Module `laplace.curvature`

Sub-modules

laplace.curvature.asdfghjkl
laplace.curvature.asdl
laplace.curvature.backpack
laplace.curvature.curvature
laplace.curvature.curvlinops

Classes

class CurvatureInterface (model: nn.Module, likelihood: Likelihood | str, last_layer: bool = False, subnetwork_indices: torch.LongTensor | None = None, dict_key_x: str = 'input_ids', dict_key_y: str = 'labels')

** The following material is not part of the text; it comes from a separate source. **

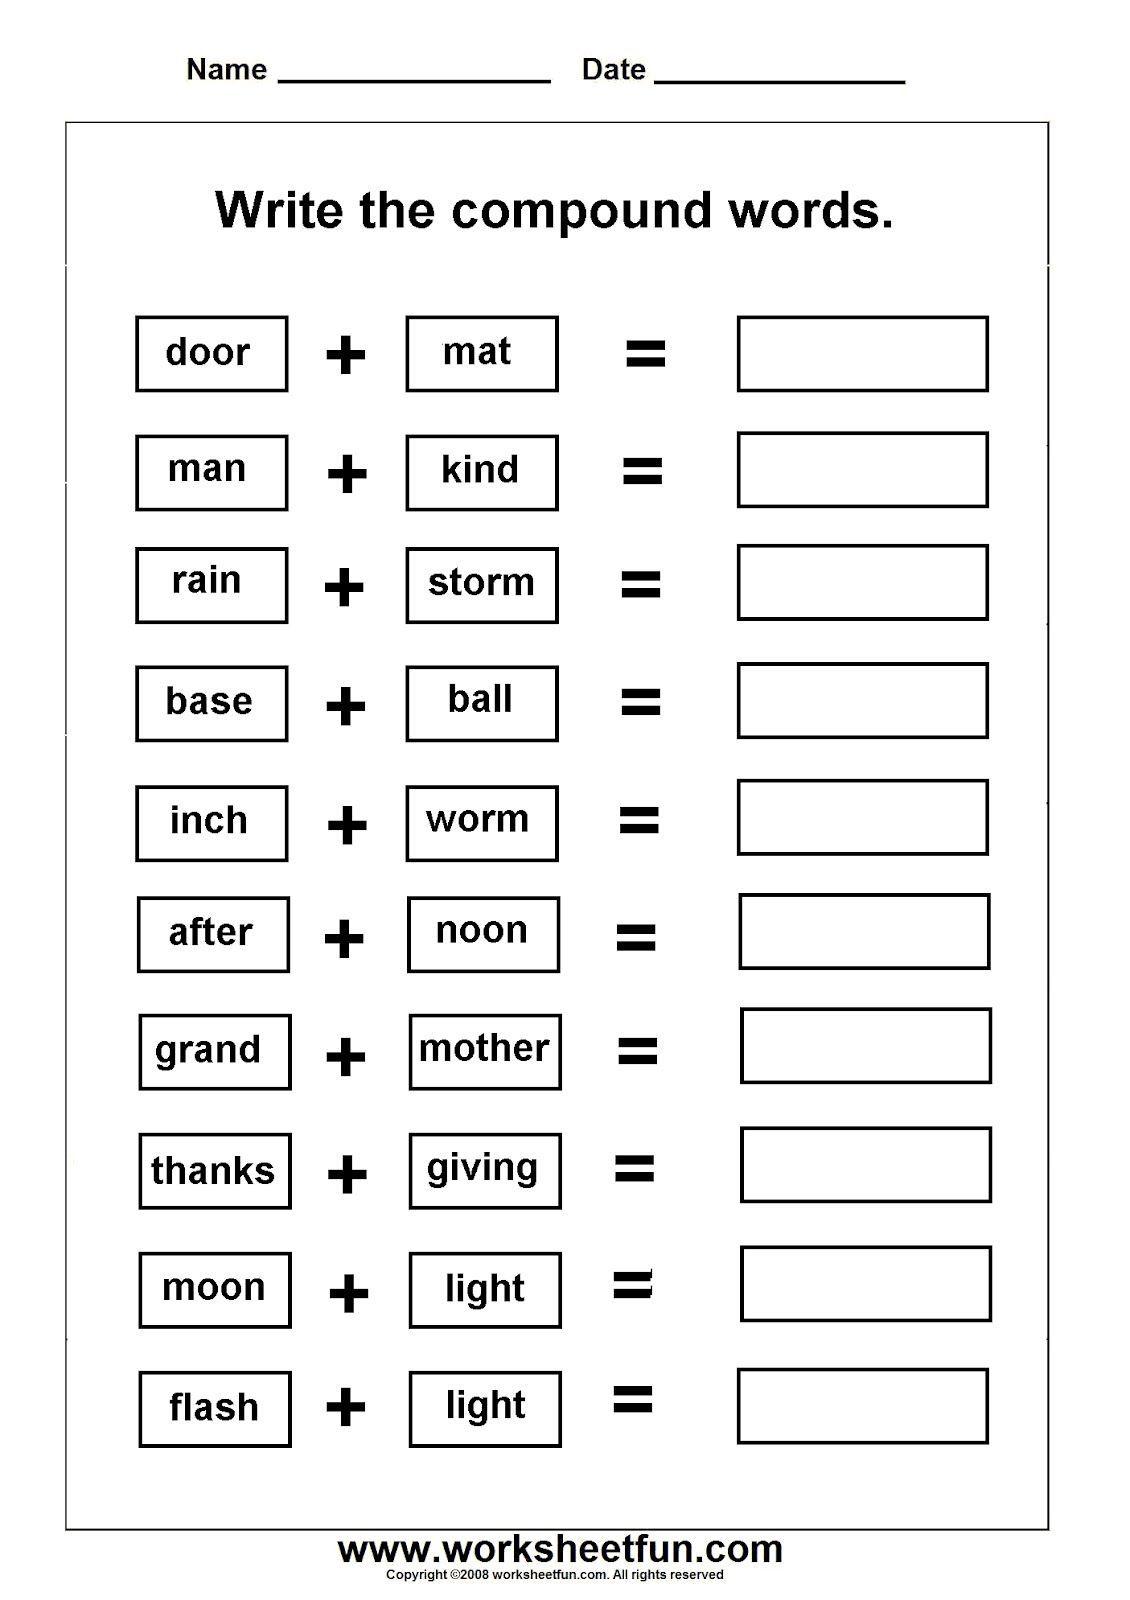 Compound Words Worksheets Grade 3 Worksheets Pound Words Compound Words Worksheets Compound Words Phonics Worksheets

Interface to access curvature for a model and corresponding likelihood. A CurvatureInterface must inherit from this baseclass and implement the necessary functions jacobians, full, kron, and diag. The interface might be extended in the future to account for other curvature structures, for example, a block-diagonal one.

Parameters

model : torch.nn.Module or FeatureExtractor: torch model (neural network)
likelihood : {'classification', 'regression'}
last_layer : bool, default=False: only consider curvature of last layer
subnetwork_indices : torch.LongTensor, default=None: indices of the vectorized model parameters that define the subnetwork to apply the Laplace approximation over
dict_key_x : str, default='input_ids': The dictionary key under which the input tensor x is stored. Only has effect when the model takes a MutableMapping as the input. Useful for Huggingface LLM models.
dict_key_y : str, default='labels': The dictionary key under which the target tensor y is stored. Only has effect when the model takes a MutableMapping as the input. Useful for Huggingface LLM models.

Attributes

lossfunc : torch.nn.MSELoss or torch.nn.CrossEntropyLoss
factor : float: conversion factor between torch losses and base likelihoods For example, $\frac{1}{2}$ to get to $\mathcal{N}(f, 1)$ from MSELoss.

Subclasses

Methods

def jacobians(self, x: torch.Tensor | MutableMapping[str, torch.Tensor | Any], enable_backprop: bool = False) ‑> tuple[torch.Tensor, torch.Tensor]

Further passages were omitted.